# How Many Songs On Ur Computer



## polaris500ho4x4 (Jun 25, 2005)

Just wondering how many songs u guys have on your computers... im just over 1200


----------



## Apathetic (Jun 25, 2005)

I have like 240, im pretty much always broke and im planning to get wow, so being broke will stay that way for a while.  so no new cds for a while


----------



## Beyond (Jun 25, 2005)

yeah, i had 1500 before my last format.. didn't back them up though and haven't have time to re-rip all of my cds


----------



## NeuromancerWGDD'U (Jun 25, 2005)

I have 500 (give or take 20 or so), but considering that that accounted for roughly 20% of my old hard-drive (2 gigs), that's not too bad.


----------



## jesbax (Jun 25, 2005)

i have to many to count. at last back up of them it took short of 8GB of dvd+r DL.


----------



## Malic (Jun 25, 2005)

The computer im using now has like 50 songs, but my other one has nearly 1000.


----------



## DCIScouts (Jun 25, 2005)

Looks like I have almost 1700 on my compy, wow, didn't realize it was that high.  And all bought and paid for, I'm proud to say!   Hehe, most of them are classical or drum corps cds, not a very typical collection...


----------



## The_Other_One (Jun 25, 2005)

228 on my extra hard drive.  I haven't listen to the radio much lately so I don't hear many new songs, or think of old ones I want...  I have gotten quite a few new ones recently now that I have a radio in my computer.  Not that I've used it much recently


----------



## Pride (Jun 25, 2005)

A little over 1,400. . .Not bad, considering I deleted quite a few a while back.


----------



## cell4me (Jun 25, 2005)

2761 :d


----------



## dragon2309 (Jun 25, 2005)

My comp has about 250 but my wireless music streaming server has just under 6000, it has all of mine, my sisters, my dads, my mums collections on it.
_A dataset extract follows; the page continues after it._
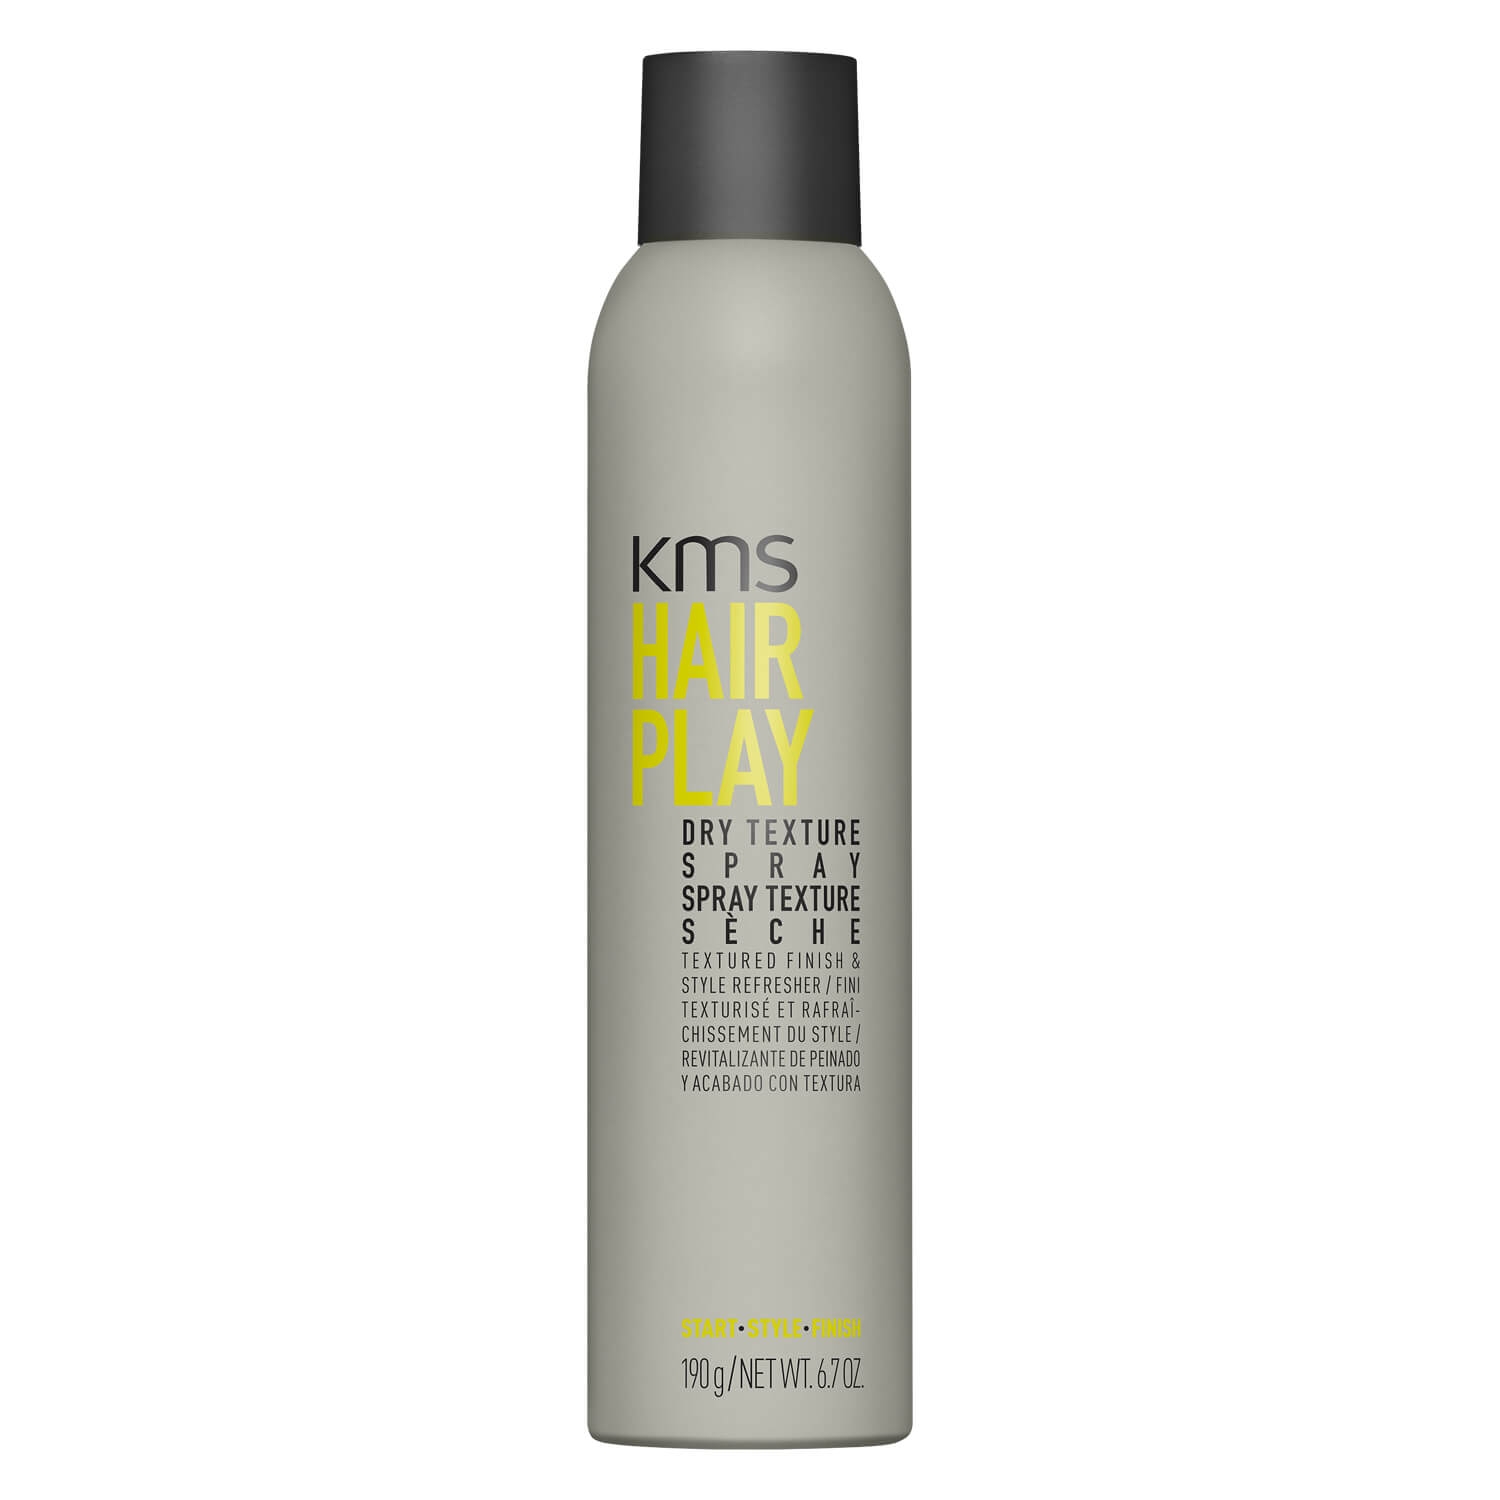 Produktbild von Hairplay Dry Texture Spray

I even invested in all the stuff to convert old 12" LP's to mp3's. CRAZY!!!


----------



## nmt (Jun 26, 2005)

I have 23.2 GB music, with more than 6000 songs of all kind, but I just listen about 100


----------



## Mithrus (Jun 26, 2005)

I have about 1200. But my brother, he has about 9000, no lies.


----------



## Richman (Jun 26, 2005)

I only have 12. The only 12 is Maroon5 song about jane my favorite too.


----------



## The-Llamalizer (Jun 26, 2005)

creative media source is telling me that ive got 1197, but i know that ive got like 1400 on my mp3 player. ive also got a few videos on my comp. too. all the music adds up to about 7 gigs.


----------



## iLL-Faded (Jun 26, 2005)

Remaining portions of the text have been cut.